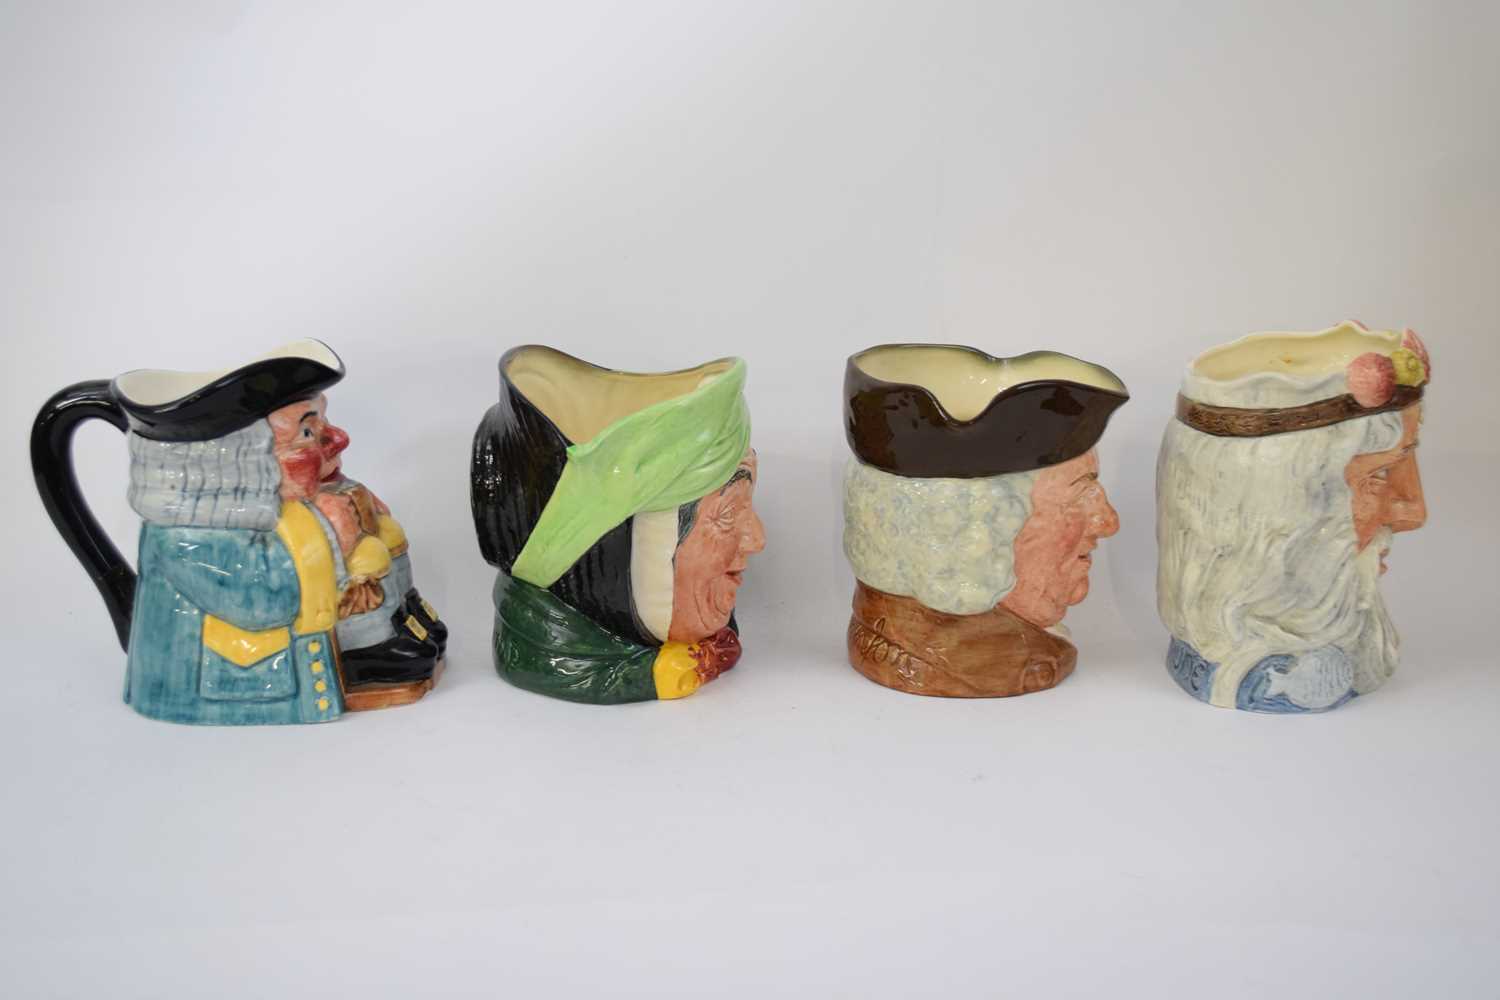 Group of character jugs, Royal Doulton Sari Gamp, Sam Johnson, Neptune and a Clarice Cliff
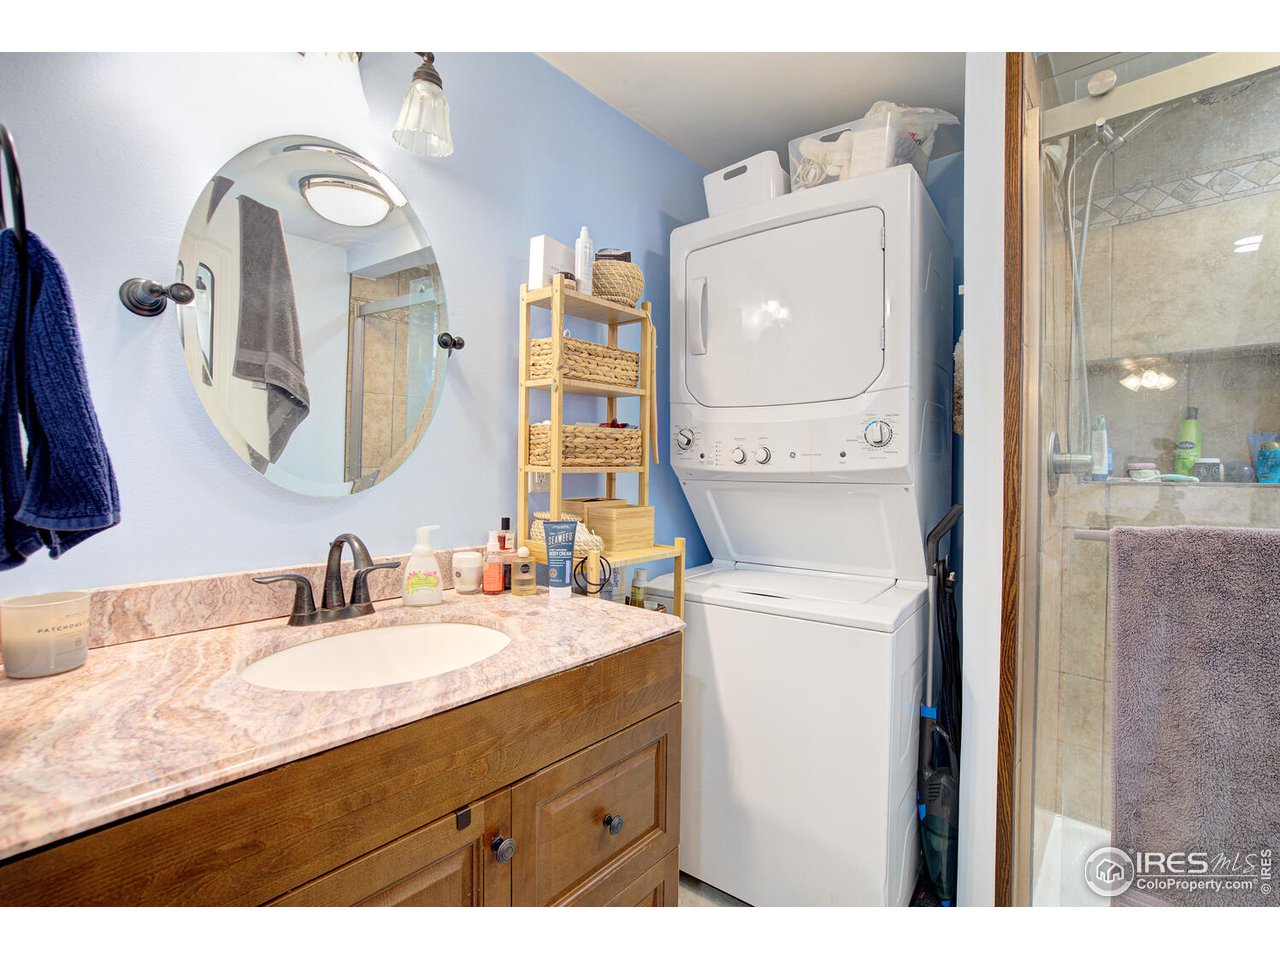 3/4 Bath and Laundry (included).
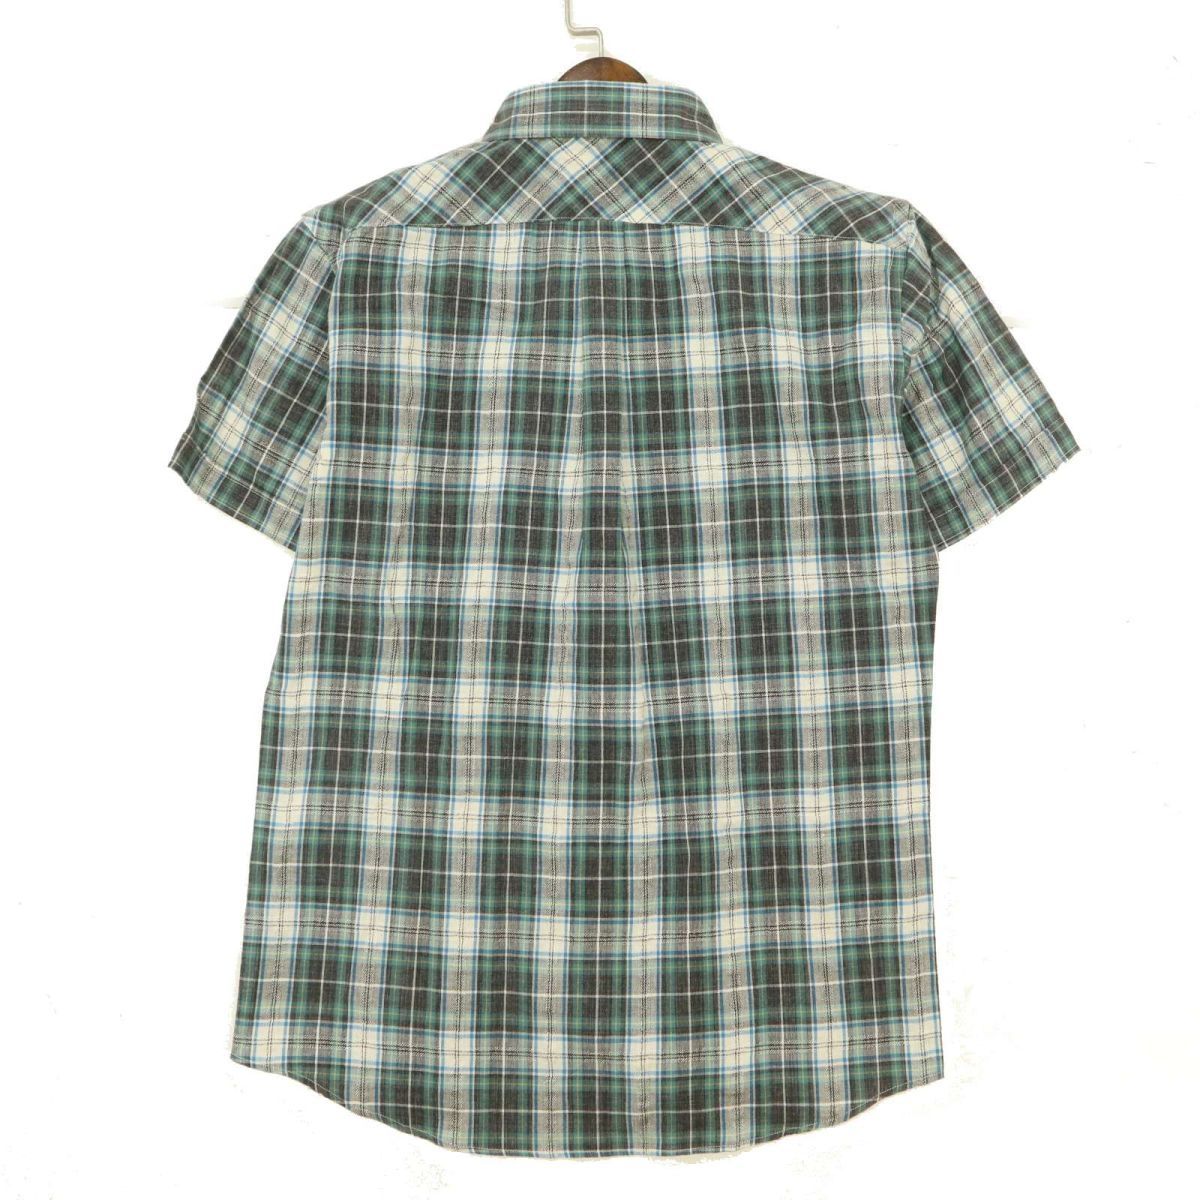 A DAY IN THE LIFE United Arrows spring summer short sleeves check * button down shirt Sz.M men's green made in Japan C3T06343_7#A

◆ **WORK TO COMPLETE**
Reproduce the lines of the listing exactly, starting at the one that contains "3/4 Bath and Laundry (included)." and continuing through the final line, but leave out the pictures.

◆ **SOLUTION FOR THIS EXERCISE**
 3/4 Bath and Laundry (included).
 A DAY IN THE LIFE United Arrows spring summer short sleeves check * button down shirt Sz.M men's green made in Japan C3T06343_7#A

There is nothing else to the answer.